Note to brands using digital platforms – apply ‘humour’ with caution

Digital provides brands the opportunity to display their personality, but as Paddy Power’s Oscar Pistorius ad demonstrates, it’s easy to misjudge

The Advertising Standards Authority has ordered Paddy Power to withdraw their controversial Oscar Pistorius advert. Photograph: Paddy Power

Paddy Power’s controversial ad featuring Oscar Pistorius has brought with it a valuable lesson in digital communication and what can happen when things go wrong. I’m a long-term fan of the brand and I think more often than not when they’ve sought to push boundaries, they’ve nailed it. Certainly blending humour with topical events is a strategy that has worked well for them in the past. However, this campaign feels like a step too far. Marketing Week reported that speaking as the company announced its results for 2013, chief executive Paddy Kennedy rigorously defended the company’s approach stating that its stance was fully informed by “painstaking” marketing analytics and testing to ensure its “returns are maximised”.

Well, if the return you are looking for is for the Advertising Standards Authority to request you pull the campaign with immediate effect, it’s a job well done. But what interested me most was what Kennedy went on to say, claiming that the brand’s controversial style meant it was the “only brand in the sector which customers say has a real personality”.

Personality is the key reason that brands across all sectors have been so quick to embrace digital communications. It gives them a platform to bring to life their brand and create a “voice” for it in a way that other mediums find difficult to translate. Take, for example, Yorkshire Tea. It uses digital channels to convey a softer, down-to-earth tone of voice that you simply can’t convey on a billboard or TV ad. It engages consumers with the content it shares and encourages the community to get involved. Or Marmite, which plays on consumers’ love/hate relationship with it to create new style campaigns such as End Marmite Neglect. The communication works because it’s grounded in reality and brings an extra dimension to the brand.

Paddy Power might be looking to reach a different demographic, but there are other brands looking to engage a similar audience that have been successful, such as Heineken. The difference is that they’ve achieved this with tasteful humour, tongue firmly in cheek. You see the thing is that digital communications aren’t all that far removed from real life. Imagine you’re at a party and you meet someone really loud and offensive.
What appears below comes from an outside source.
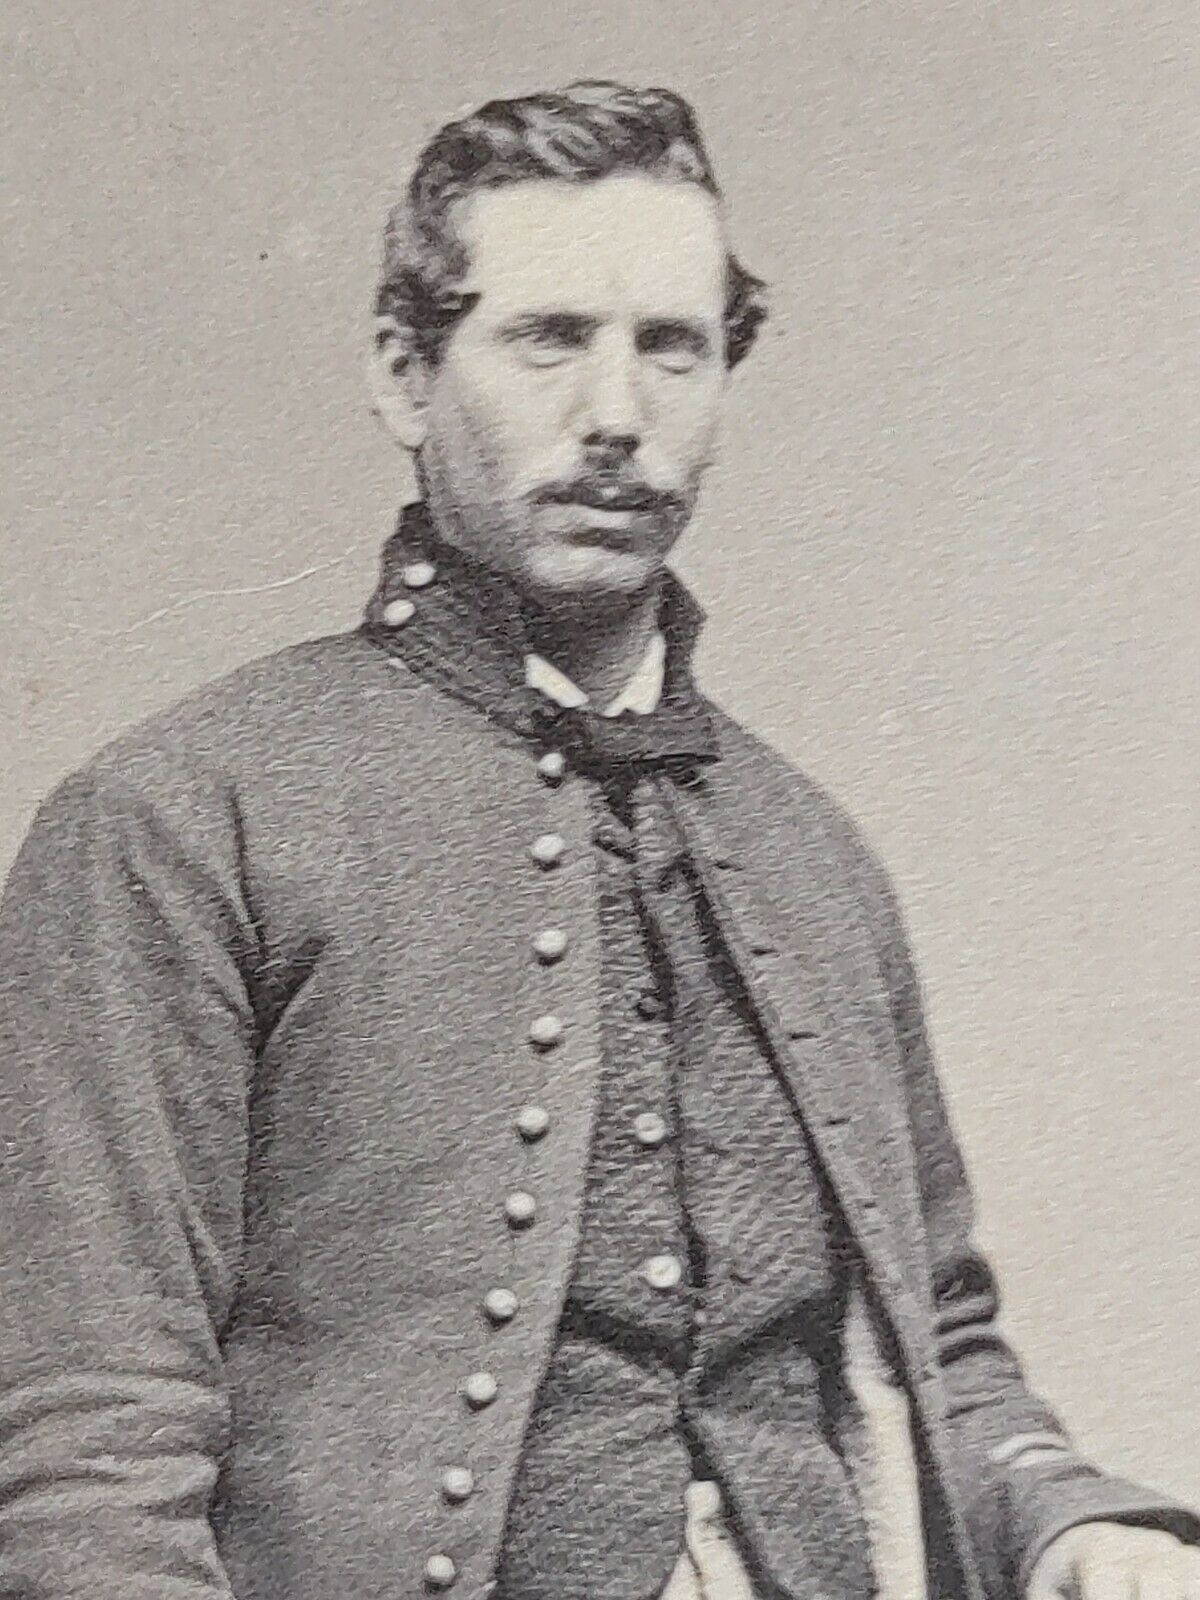 Civil War Original Cdv Photo Of Union Soldier /officer. By Rome, Ny Photographer

You’re not going to engage them in polite chitchat. Most likely you’re going to walk away and never look back.

The same applies in digital. To build personality and engage consumers using digital communication channels there are some basic rules that brands need to adhere to. For example, be clear about what you’re looking to achieve, and ensure your personality translates well across multiple channels and that your campaign is integrated. But most of all be sure that the consumer is going to enjoy what you’re creating. Digital communication is about so much more than the number of likes or retweets you receive; it’s about long-term engagement. Real conversations. If you want to capture a consumer’s attention in this multi-screen, multi-device world you need a personality that they can relate to, want to invest time in and feel brings that little something extra. All qualities we’d associate with a good friend.
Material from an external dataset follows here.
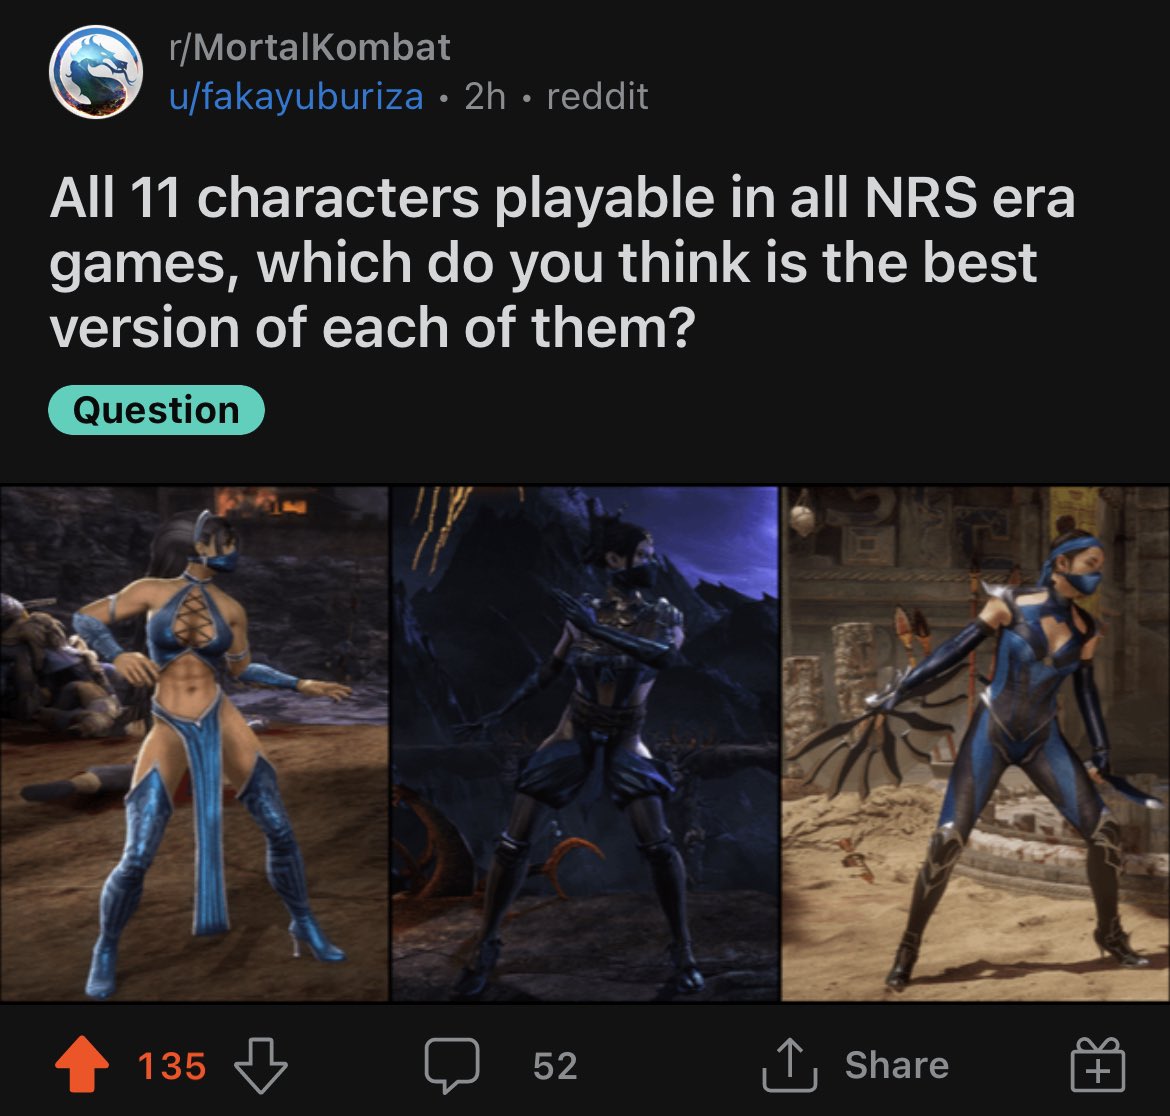 You will never convince me X-11 Kitana were a downgrade design wise

Used wisely, digital has the ability to reach huge audiences, create connections and change perceptions. All brands want their communications to create a reaction. But they want to create the right reaction, one that results in positive action from their user base. What’s the result when used in bad taste? Well we’ll have to wait and see. A quick glance at Paddy Power’s share price shows that it has actually increased, despite the outrage. Perhaps there really is no such thing as bad publicity after all.